«Черт возьми, — подумал Михайлов, — до чего же вы все жестоки! Какое холодное надо иметь сердце и какое сытое брюхо, чтобы даже бровью не повести, видя вокруг себя голод, лишения и разруху!»
...На конспиративной квартире Михайлова уже ждали Солдунов и Дмитриев, Фурсов и Навроцкий. Не успел он раздеться, как пришел и Жихарев. Михайлов поинтересовался, чем занимался Чарон.
— Как и договорились, — ответил, улыбаясь, Навроцкий, — составлял списки членов партии, переписывал адреса.
— Ну и как он, доволен?
— Что вы! Аж руки дрожат.
— Ну что ж, продолжайте. Главное, чтобы он не скучал и не ходил куда не следует.
Навроцкий спросил:
— Сколько дней планируете еще у нас быть?
— Послезавтра вечером уедем. — Михайлов повернулся к Жихареву. — Иван Валерьянович, побеспокойтесь, пожалуйста, о билетах.
— До какой станции брать?
— До фронта, — улыбнулся Михайлов и уже серьезно добавил: — В район Ивенца — Молодечно. Смотрите сами, куда дадут, нам лишь бы в те края попасть.

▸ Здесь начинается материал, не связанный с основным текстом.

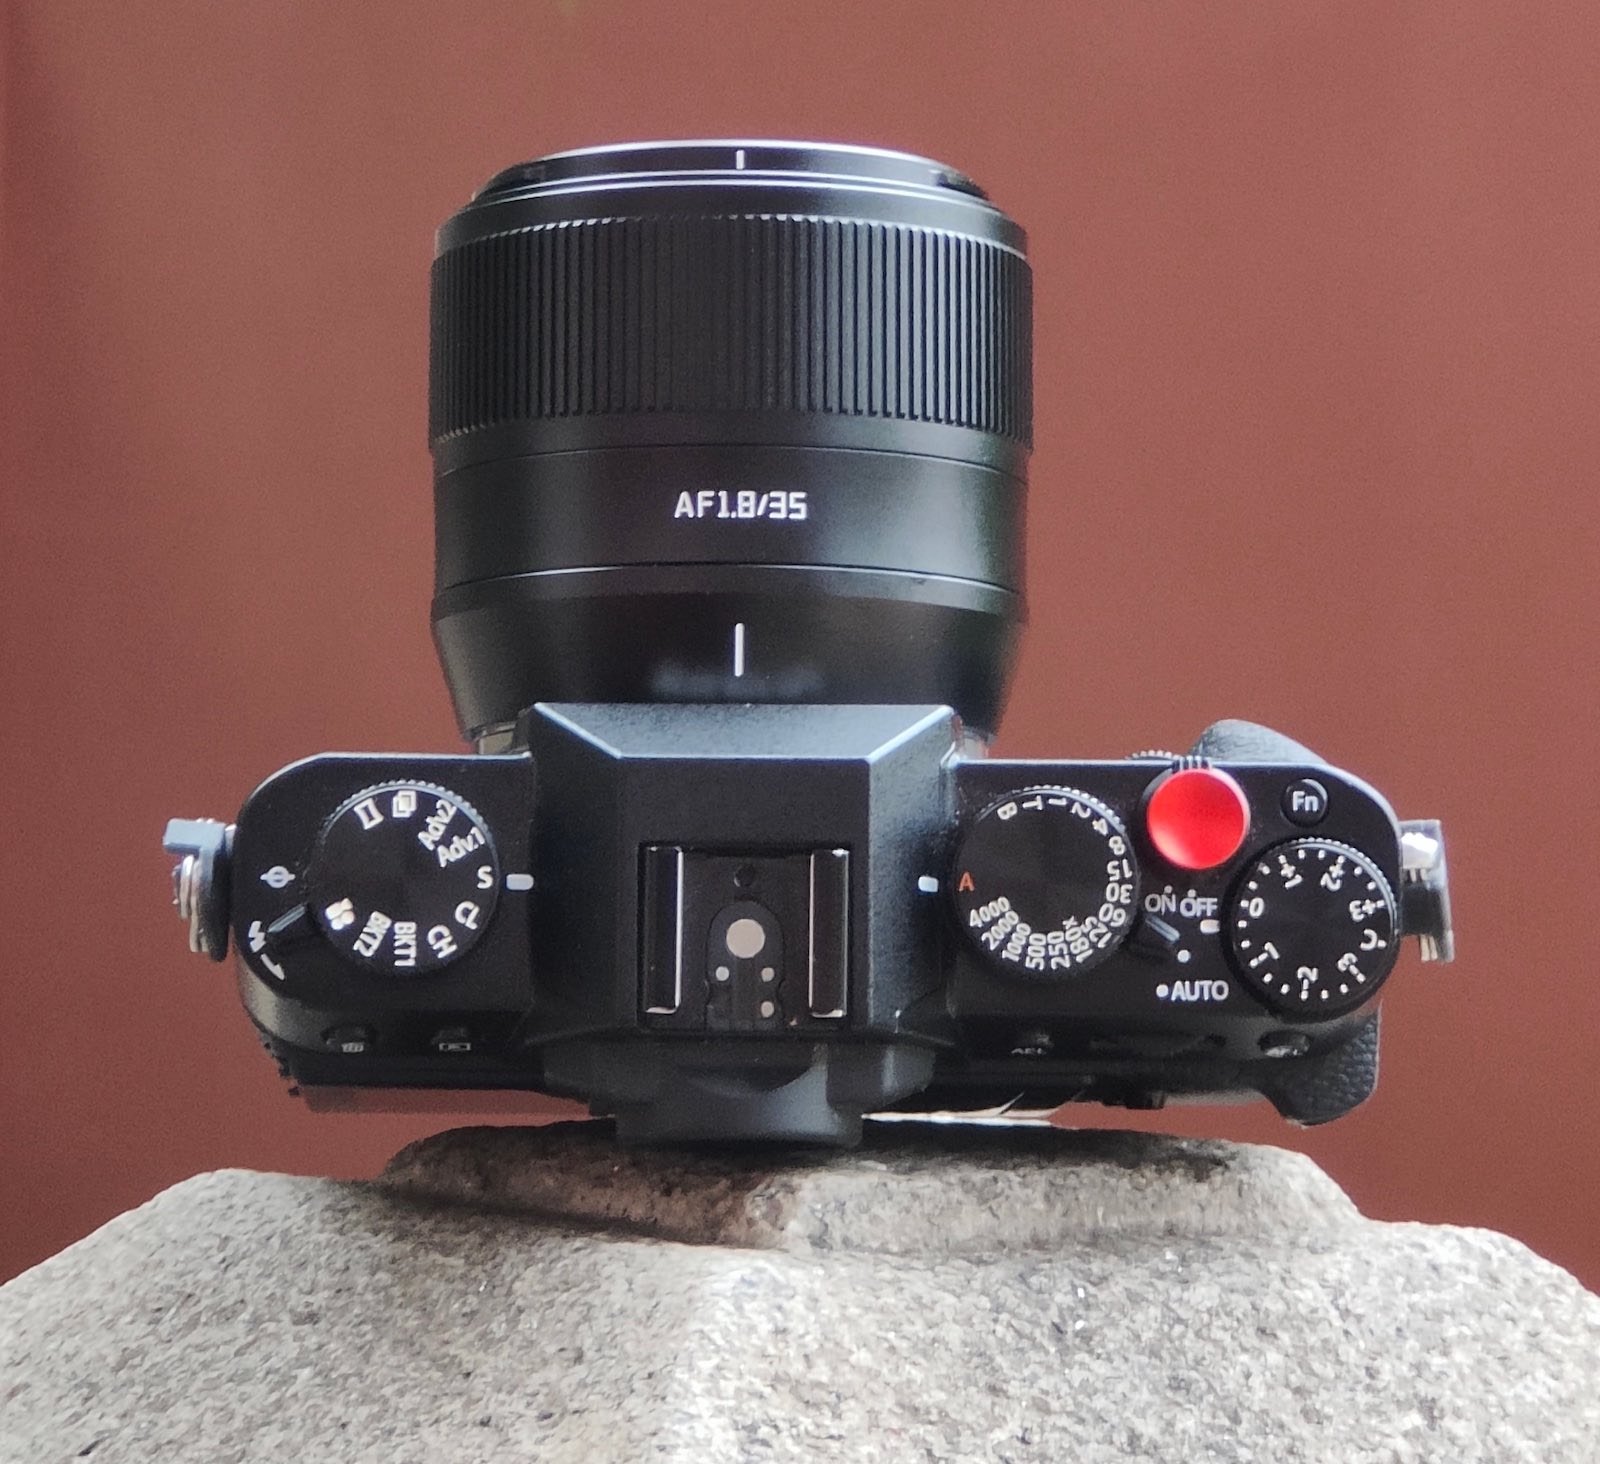 Additional information on the upcoming TTArtisan AF 35mm f/1.8 lens (E ...

После этого приступили к подробному обсуждению положения дел в Могилевской губернии. В конце Михайлов попросил Фурсова и Жихарева собрать в день отъезда партийный актив и предложил:
— Ну что, друзья, будем обедать?
В МОСКВЕ
Январь тысяча девятьсот семнадцатого года в Москве выдался морозным. Но не это, пожалуй, определяло жизнь второй столицы: в воздухе висело предчувствие близких и решающих перемен. Забастовки рабочих все чаще перерастали в вооруженные схватки с полицией и жандармерией.
В воинских частях шло брожение.
Алимов был не из робкого десятка, но, очутившись в огромном городе, на первых порах растерялся. Перед глазами мельтешили тысячи людей, с грохотом и пронзительными звонками проносились трамваи, обдавали прохожих дымом автомобили, громко кричали и стреляли кнутами извозчики.

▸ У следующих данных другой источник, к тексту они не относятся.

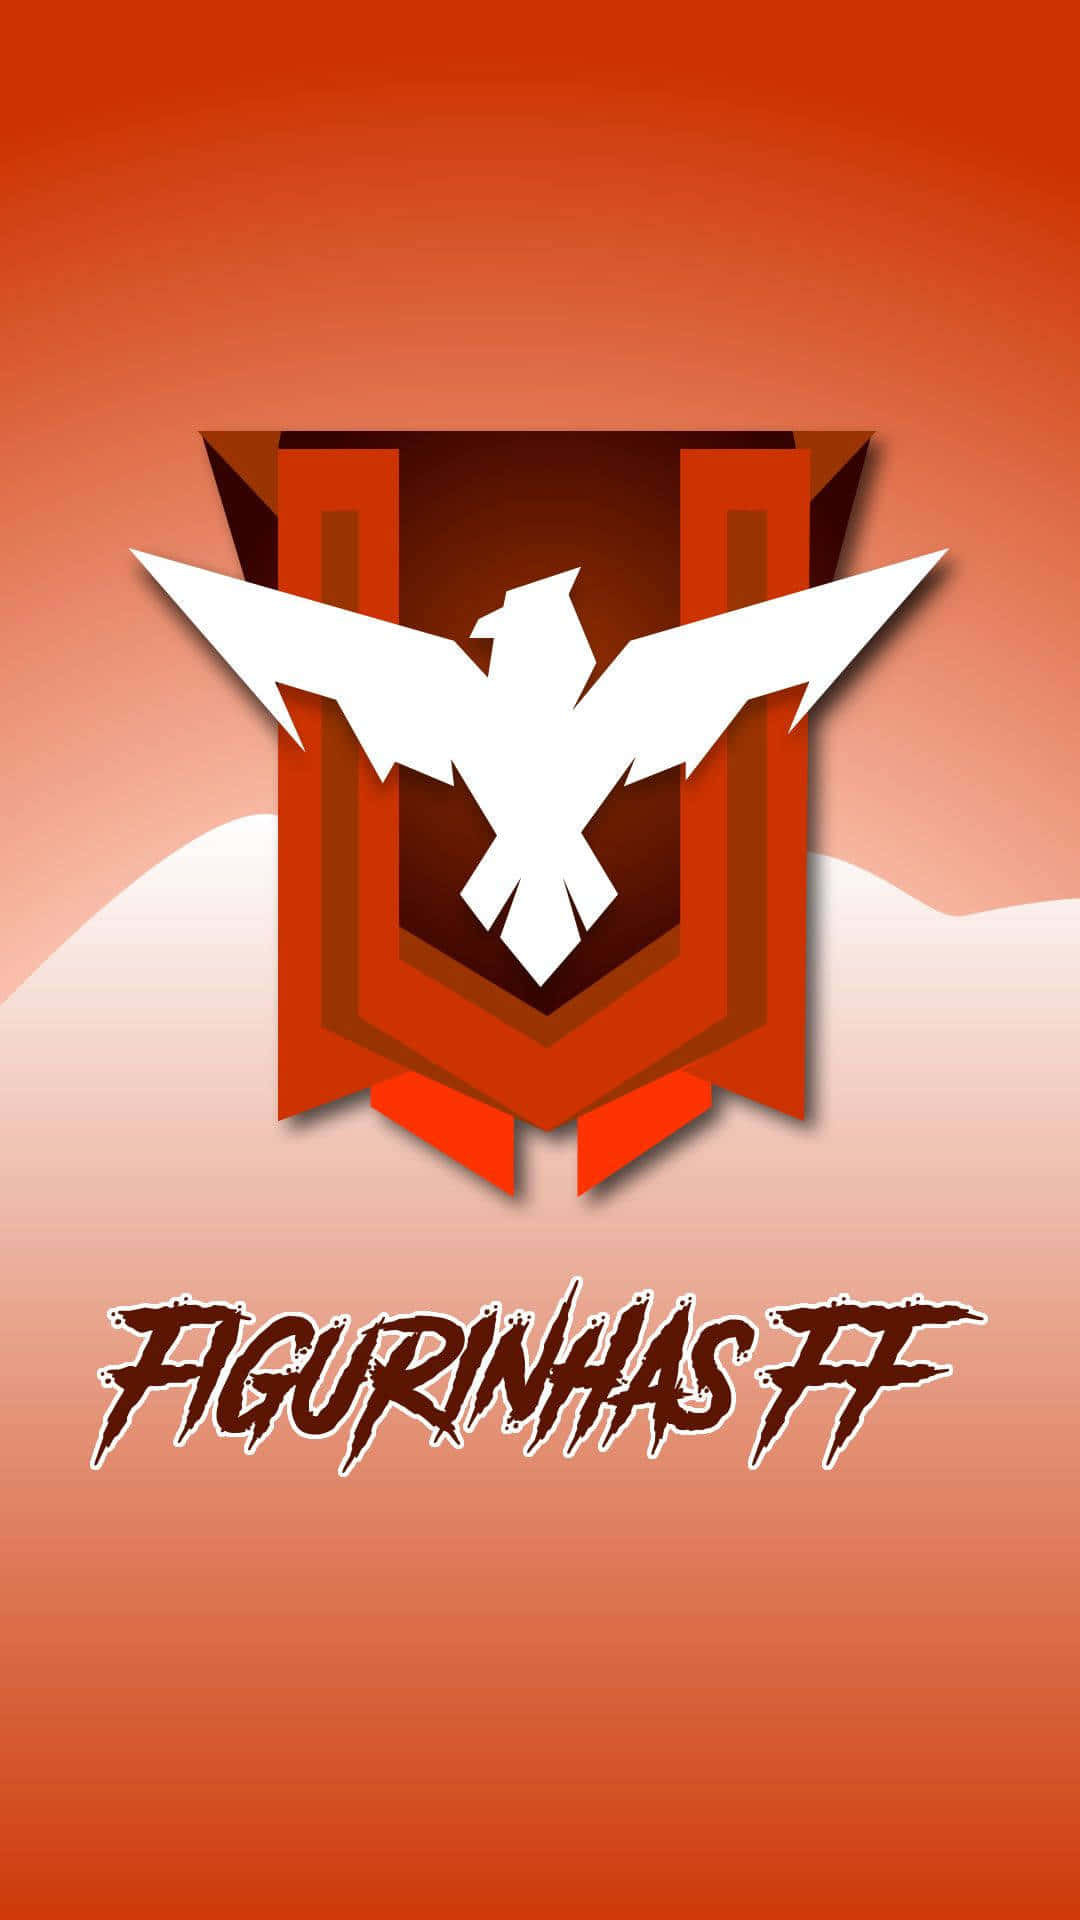 A Logo For Figinhas F

«И как только здесь люди живут? — с ужасом думал Роман. — Не попадешь под автомобиль, так лошадь затопчет».
Трамвай — та же конка, только без лошадей — не вызывал в нем опасений: у него своя дорога, с рельсов не свернет. Да еще и поможет добраться по адресу, который дал Михайлов.

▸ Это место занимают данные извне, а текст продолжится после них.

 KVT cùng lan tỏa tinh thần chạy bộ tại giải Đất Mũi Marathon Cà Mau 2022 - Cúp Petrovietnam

Поправив на голове шапку, Алимов начал действовать. Казалось, мытарствам не будет конца. Где на трамвае, а где пешком он исколесил пол- Москвы. В конце концов, не выдержав, нанял стоявшую на углу пролетку. Извозчик — мужик в огромном тулупе — скумекал, что пассажир — новичок в Москве, и решил попетлять, чтобы побольше содрать с него. Но Алимов, который в уме уже давно прикидывал, с какой суммой он может позволить себе расстаться, заметил что слишком уж часто их пролетка сворачивает в переулки.
— Ты, браток, лошадь бы пожалел, а то у нее, бедной, башка закружится от этих петляний.
Извозчик оказался человеком сметливым — перестал нагонять деньгу. Проехали по Тверской, и через полчаса Алимов был у цели. Расплатившись, он для верности еще раз взглянул на номер дома и через арку вошел в небольшой, не чищенный от снега двор. Нашел нужный подъезд, потянул на себя дверь и оказался в полутемном коридоре. Где тут третья квартира? Ага, вот она! Алимов постучал — тихо. Постучал еще раз — и опять тишина. Тронул за ручку — дверь открылась. В конце еще одного длинного коридора, освещенного электрической лампочкой, виднелась дверь. Алимов, смущенно оглядываясь на следы, которые оставались от его мокрых валенок, подошел к ней и постучал. Открыл сравнительно молодой мужчина. Глубоко посаженные глаза смотрели настороженно.
— Вам кого? — не здороваясь, спросил он, а сам быстрым взглядом окинул коридор — один ли пришел неизвестный.
— Здравствуйте, мне бы господина Катурина.
— А зачем он вам?
Алимов понял, что перед ним тот самый человек, который ему нужен. Приметы совпадали, да и голос сухой, недоброжелательный. Вспомнились слова Михайлова: «Не удивляйся, если что покажется не так. Парень он добрейший, но не любит выставлять это напоказ».
— Я привез ему письмо.
— Письмо? Давайте, я и есть Катурин.
— Может, я войду сначала? — улыбнулся Алимов.